"COVID-19 Pandemic Relief Efforts Update" "COVID cleaning services" "Keeping Schools Safe from COVID-19 & Hazardous Disinfectants" "COVID lawsuits: Are you ready?"
While the COVID-19 pandemic is still part of nearly every conversation and every headline, email subject headings like those above might not raise alarm bells for the average recipient. In fact, even security defenses may struggle to recognize them as malicious. Nevertheless, they are a subset of phishing lures that researchers have dubbed "fearware," which arose at the beginning of the pandemic and continue to proliferate with the same nagging persistence as the virus.
"It might not be in your face, like, 'You have to click this or you get COVID!'" says Darktrace director of threat hunting Max Heinemeyer. However, the underlying theme, he says, is always fear.

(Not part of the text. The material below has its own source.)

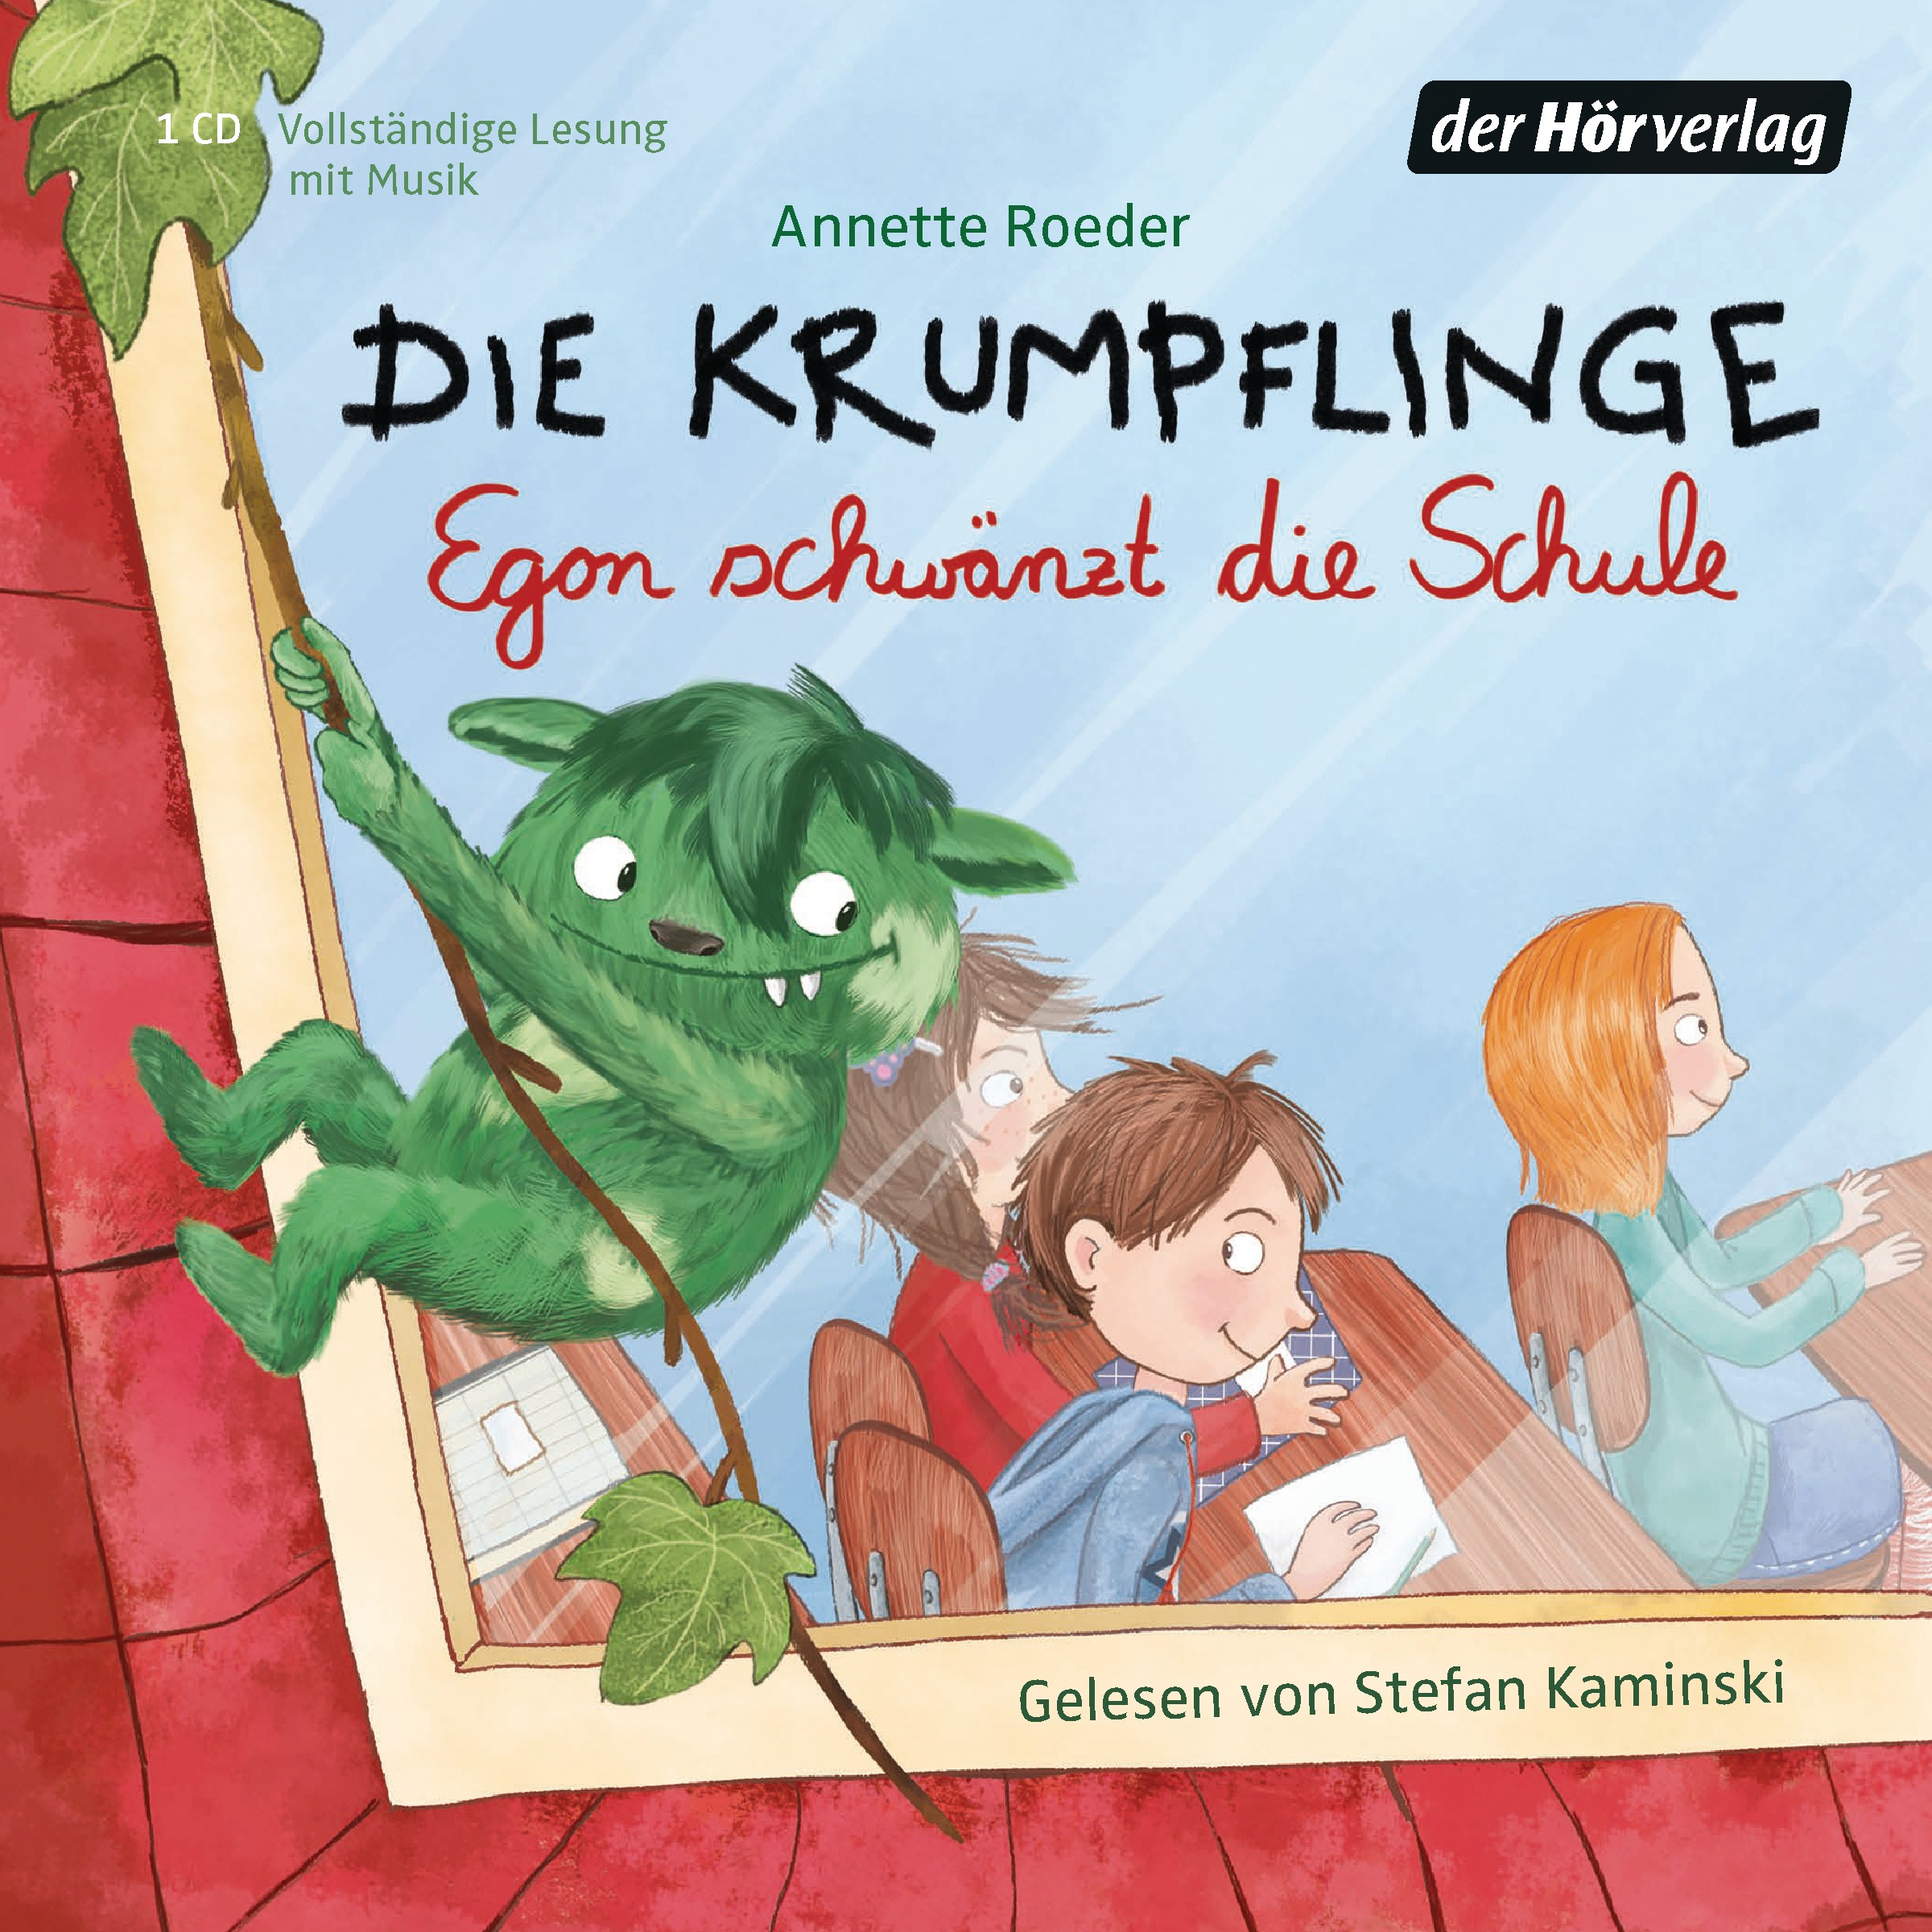 Die Krumpflinge: Folge 3 - Egon schwänzt die Schule - Annette Roeder

That fear comes mixed in with some of social engineers' tried-and-tested go-to click inducers: a pinch of curiosity and a dash of urgency. "Click this to see how many people in your neighborhood are infected now," for example, Heinemeyer says. Or, "What does the new guidance mean for your child?"
COVID fearware techniques and perpetrators have varied widely, says Heinemeyer.
Phishing sites claimed to sell discounted personal protective equipment. Watering hole attacks targeted iOS users in Hong Kong with poisoned local news links. Widespread impersonation attacks purported to come from official sources like the World Health Organization. The Federal Communications Commission warned of phishing, SMiShing, and vishing campaigns around the availability of COVID-19 testing kits. The Department of Homeland Security issued a warning about a phishing attack that used the Small Business Association’s COVID-19 loan-relief program as bait, and used a spoofed version of the SBA’s loan-relief page to steal credentials.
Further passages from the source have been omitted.